If you are an individual that is self-employed (sole proprietor or single member LLC) and you are subject to self-employment tax it is important to realize that the rate for 2013 is 15.3% which is 2% higher than the rate was in either 2011 or 2012.  If an individual is making $100,000 the extra $2,000 can be painful in April.  In addition individuals that own interests in partnerships or LLCs may also be subject to self-employment tax.

 

Changes in your personal situation

There may be changes in your personal situation that can affect your tax liability.  An example of this might be the child tax credit.
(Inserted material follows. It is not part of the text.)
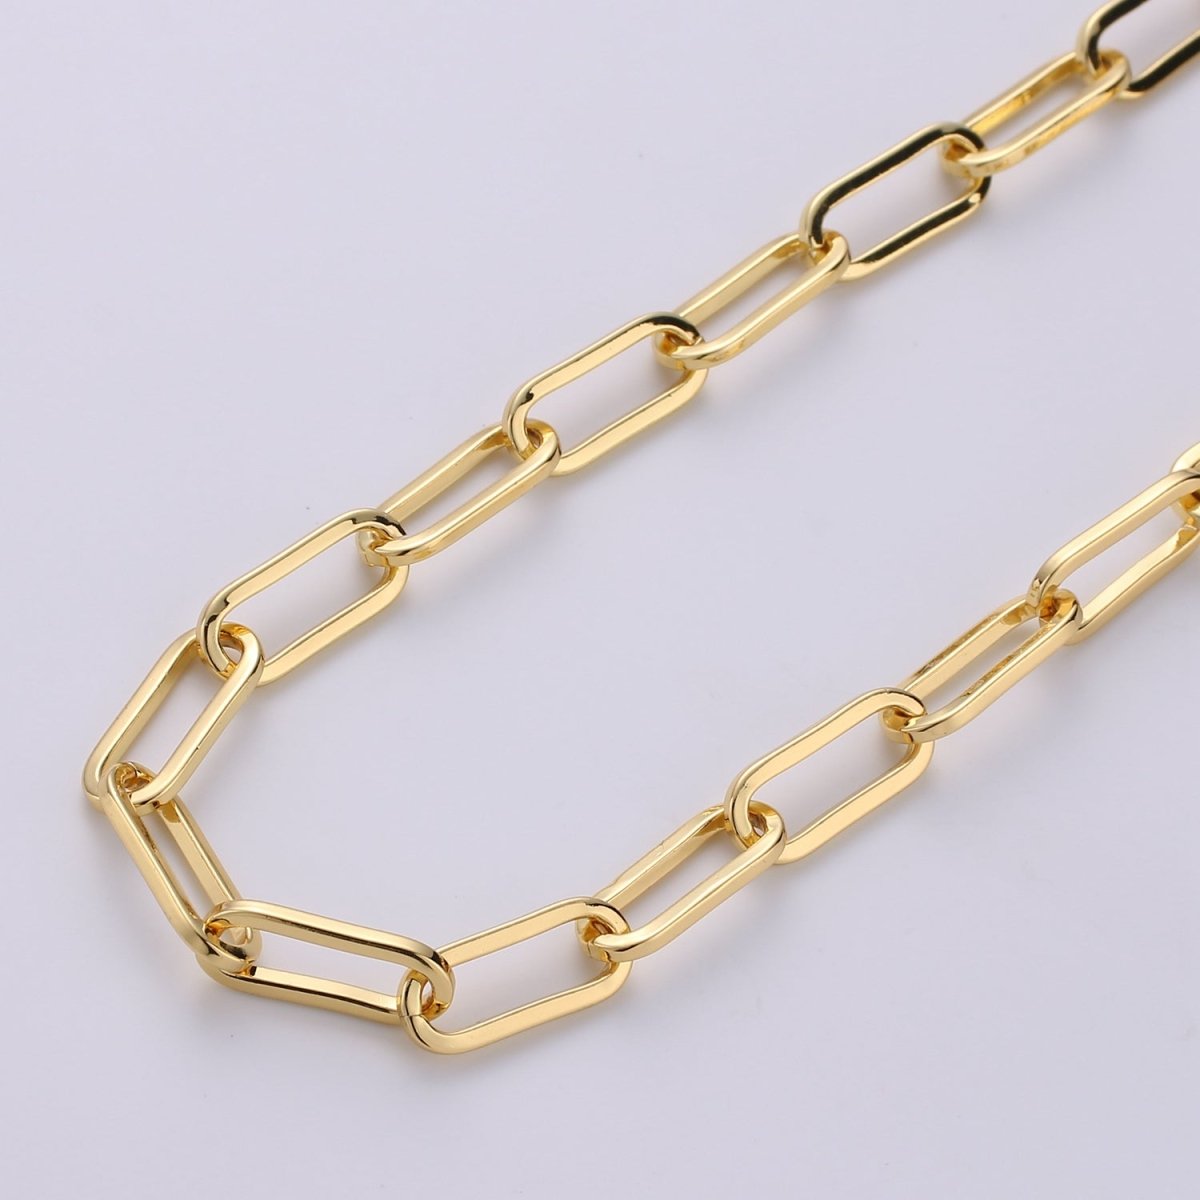 Chunky Paperclip Chain Necklace 16x7mm 24K Gold Filled Jumbo Link Paper Clip Chain 1 yard Lead, Nickel Free Unfinished Link Chain | ROLL-232 - DLUXCA

There is currently a $1,000 tax credit for children under the age of 17.  If you had a child that reaches the age of 17 in 2013 the credit that you had in 2012 will not be available in 2013.  Additionally there are income limitations on this credit and if your income has gone up in 2013 you may have either a reduced credit or no credit.

 

Medical expenses which were previously deductible if they exceeded 7.5% of your income are not deductible unless they exceed 10% of your income in 2013 (unless you are a senior citizen in which case the 7.5% limit still applies in 2013).

 

In many instances individuals that have children in college are entitled to education credits either through the American Opportunity Credit or the Lifetime Learning credit.  Both of these credits, however, have income limitations and therefore a credit you are counting on now may not be available to you.  In some instances it may make sense for a parent to not claim the child as a deduction and allow the child to claim the credit.  While this may raise the tax liability on the parents, the overall taxes on the family may be lower.

 

Taxpayers should of course be reviewing their investment activity as well.  If a taxpayer has any capital gains they may want to start to look at stocks that are not doing as well that could be sold at a loss to offset the gains.

 

Conclusion

If you find that you are going to be underpaid at yearend you still have almost 4 months to remedy the situation which is much better than finding out a few weeks before your return is due.  Once again if you’re not sure, then check with a tax professional to help determine your tax position.